Attrition Accuracy: 0.87
Department Accuracy: 0.71


# Summary

In the provided space below, briefly answer the following questions.

1. Is accuracy the best metric to use on this data? Why or why not?

2. What activation functions did you choose for your output layers, and why?

3. Can you name a few ways that this model might be improved?

YOUR ANSWERS HERE

1. Accuracy is not always the best metric, especially if the dataset is imbalanced. In a classification problem with imbalanced classes, accuracy may give a misleading sense of model performance by favoring the majority class. Instead, metrics like precision, recall, or F1-score may provide a better picture, particularly for the Attrition prediction, where class imbalance is common (e.g., more employees might stay than leave). These metrics can offer insights into the model's sensitivity to minority classes.


2. For the attrition_output layer, I used sigmoid activation, as it is suited for binary classification. The sigmoid function outputs probabilities between 0 and 1, which is ideal for a "Yes" or "No" prediction on attrition.
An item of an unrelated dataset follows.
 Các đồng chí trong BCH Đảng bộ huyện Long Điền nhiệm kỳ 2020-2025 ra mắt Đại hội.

For the department_output layer, I used softmax activation, which is appropriate for multi-class classification. The softmax function provides a probability distribution across multiple classes, allowing the model to make a prediction on which department an employee is best suited for based on the highest probability.
3. Feature Engineering: Creating additional meaningful features or using domain-specific knowledge could enhance model performance. For instance, deriving tenure duration or calculating satisfaction scores could improve predictions.
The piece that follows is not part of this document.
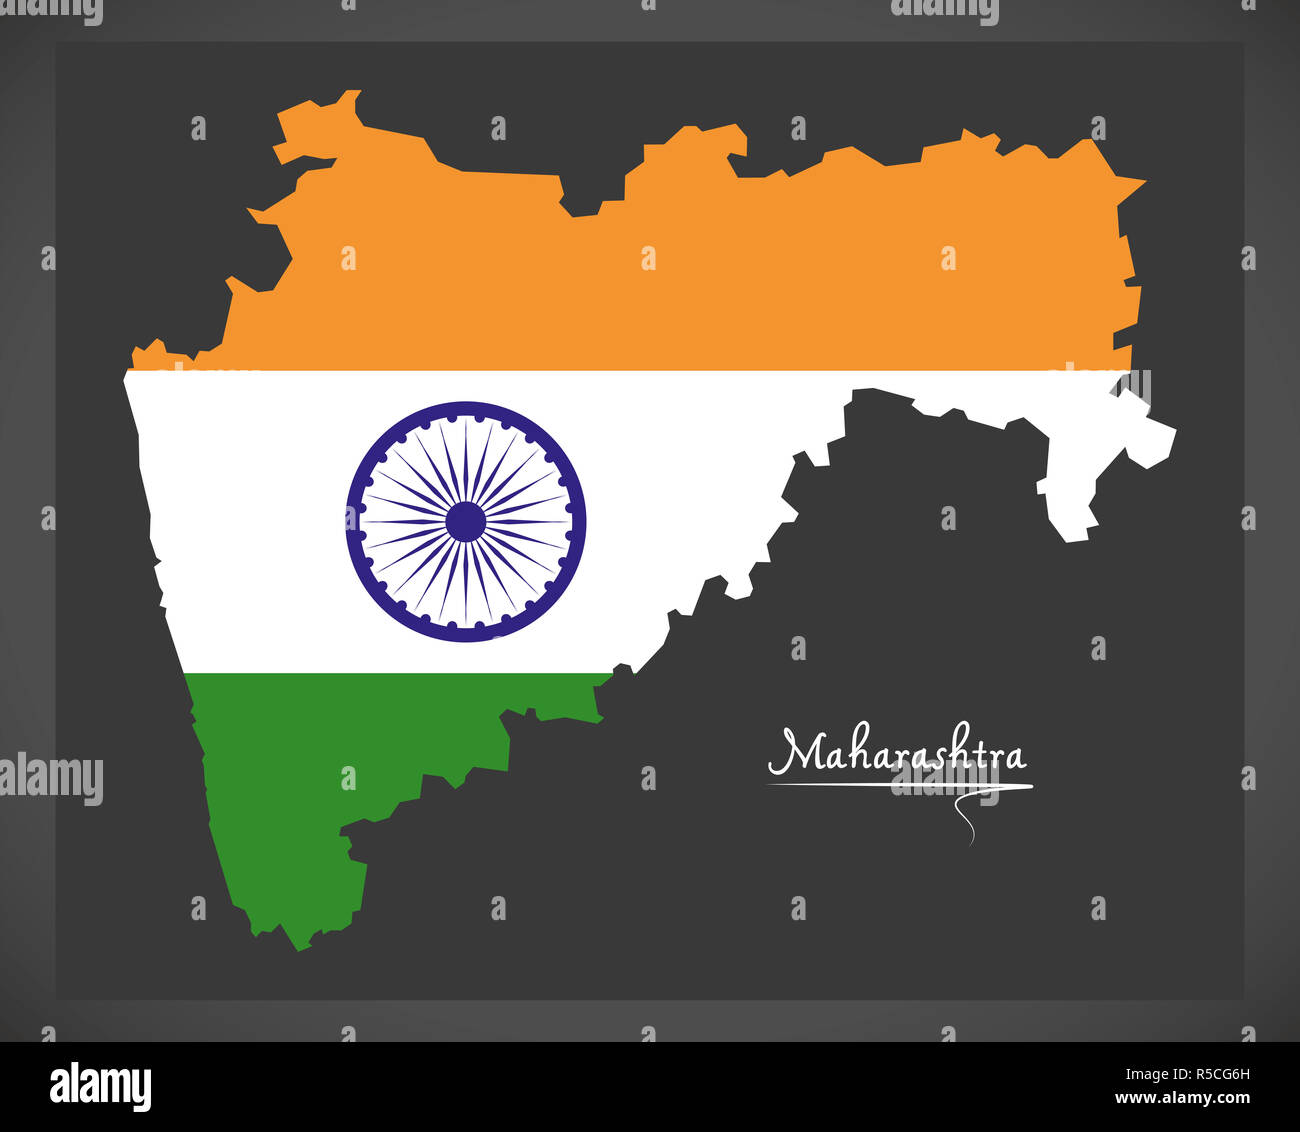 Carte de Maharashtra avec drapeau national indien illustration Banque D'Images

Hyperparameter Tuning: Experimenting with hyperparameters such as the learning rate, batch size, and the number of layers or neurons could yield better performance. Techniques like Grid Search or Random Search can help find optimal values.

Using Ensemble Methods: Implementing ensemble techniques, such as bagging or stacking with other machine learning models, may enhance performance. These methods leverage the strengths of multiple models.

Regularization Techniques: Adding dropout layers or L2 regularization to avoid overfitting could improve the model's generalizability on unseen data.

Evaluate with Additional Metrics: Using precision, recall, or F1-score, especially for imbalanced data, could provide more insights and help adjust the model accordingly to handle class imbalances.